1. At common law, the remedy of intervention was of a limited and restricted nature. Indigenous to the old common law, and tending to restrict the extension of rights of intervention, was an ‘ ‘ unusual concern ’ ’ that the plaintiff be enabled by the courts to control his action (Twelfth Annual Report of N. Y. Judicial Council, 1946, pp. 219-220; cf. Chapman v. Forbes, 123 N. Y. 532, 537-538), and although the first intervention statute was enacted in 1851, the remedy nevertheless remained of a narrow and limited nature until the present statute was enacted in 1946 (see Twelfth Annual Report of N. Y. Judicial Council, 1946, pp. 220-221). Since then, the trend has been in the direction of the extension of the remedy rather than restriction (Central Westchester Humane Soc. v. Hilleboe, 202 Misc. 873, 874-875).
The statute serves a two-fold purpose: subdivision 1 gives a person not a party to the action the “ right ” of intervention as *54a means of protecting himself, especially where he is or may be bound by a judgment in the action; while subdivision 2 makes the remedy of intervention available to the court as a. means of facilitating the disposal in one action of all the issues involved, thus avoiding both court congestion and undue delay and expense to the parties (see Twelfth Annual Report of N. Y. Judicial Council, 1946, pp. 218, 226-227).
It follows that, as a general rule, a third party will be permitted to intervene if his interests will be jeopardized by his absence (2 Carmody-Wait, N. Y. Prac., p. 654, § 88). So, if.he is “ ultimately and really interested ’’ in the result of the litigation, in order that the whole controversy may be ended in one action and by a single judgment (Pomeroy on Code Remedies [5th ed.], § 308; Mandel v. Guardian Holding Co., 192 App. Div, 390, 392-393).
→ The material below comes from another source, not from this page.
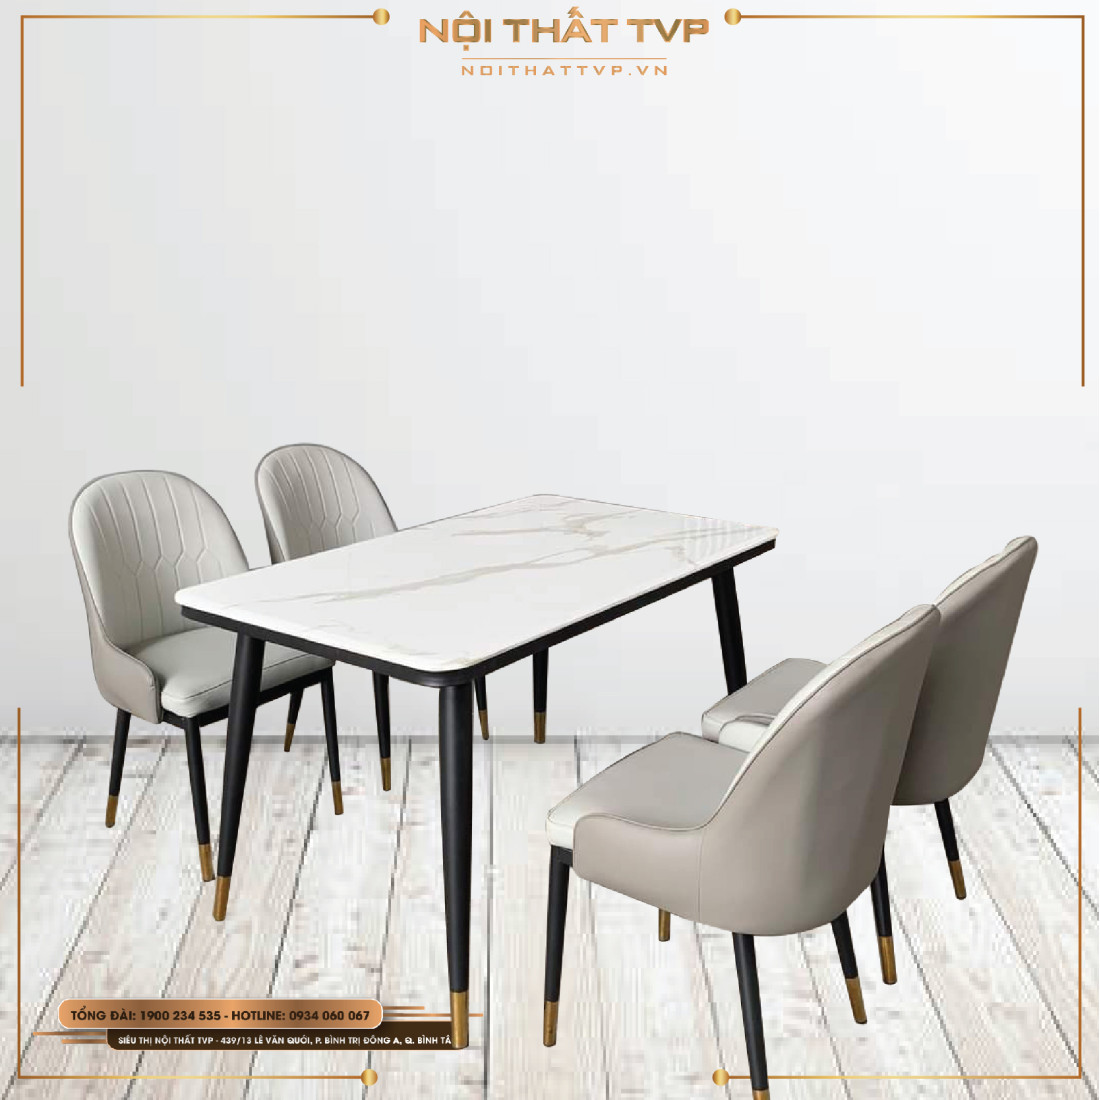 Bộ bàn ăn 4 ghế mặt đá Marble nhập khẩu 2024 sẽ mang đến cho bạn trải nghiệm ẩm thực thú vị hơn bao giờ hết. Thiết kế đẹp mắt bằng đá Marble sang trọng kết hợp với bộ bàn ăn đầy đủ đem lại không gian ấm cúng và đẳng cấp cho căn nhà của bạn.

It would seem therefore that, both as a matter of right and as a matter of discretion, the applicant should be permitted to intervene,
2, Plaintiff contends that the statute is not broad enqugh to give the applicant the right of intervention, inasmuch as plaintiff’s title to the property will not be affected by the judgment in the action. In support of- this contention, plaintiff relies upon the well-settled common-law rule that, so far as legal rights are concerned, the only proper and necessary parties to an action-for foreclosure are the mortgagor and' mortgagee, and those who have rights under.them subsequent to the mortgage; that, therefore, plaintiff cannot be required either by a-party defendant or by an intervenor, to litigate the validity of any title which is adverse or paramount to the mortgage in suit (Corning v. Smith, 6 N. Y. 82, 84; Emigrant Ind. Sav. Bank v. Goldman, 75 N. Y. 127, 131-132; Fifth Ave. Bank v. Cudlipp, 1 App. Div. 524, 525; 1 Wiltsie on Mortgage Foreclosure [5th ed.], § 140-141). But this is the general rule. It does not apply where the purported deed to the mortgagor is a forgery and void; for if the deed is void, the mortgage is likewise void (Marden v. Dorthy, 160 N. Y. 39, 50-51, 53-56; Kupfer v. Thompson, 227 App. Div. 516, 518-519; Caccioppoli v. Lemmo, 152 App. Div. 650, 659-662; see 1 Wiltsie on Mortgage Foreclosure [5th ed.], § 186).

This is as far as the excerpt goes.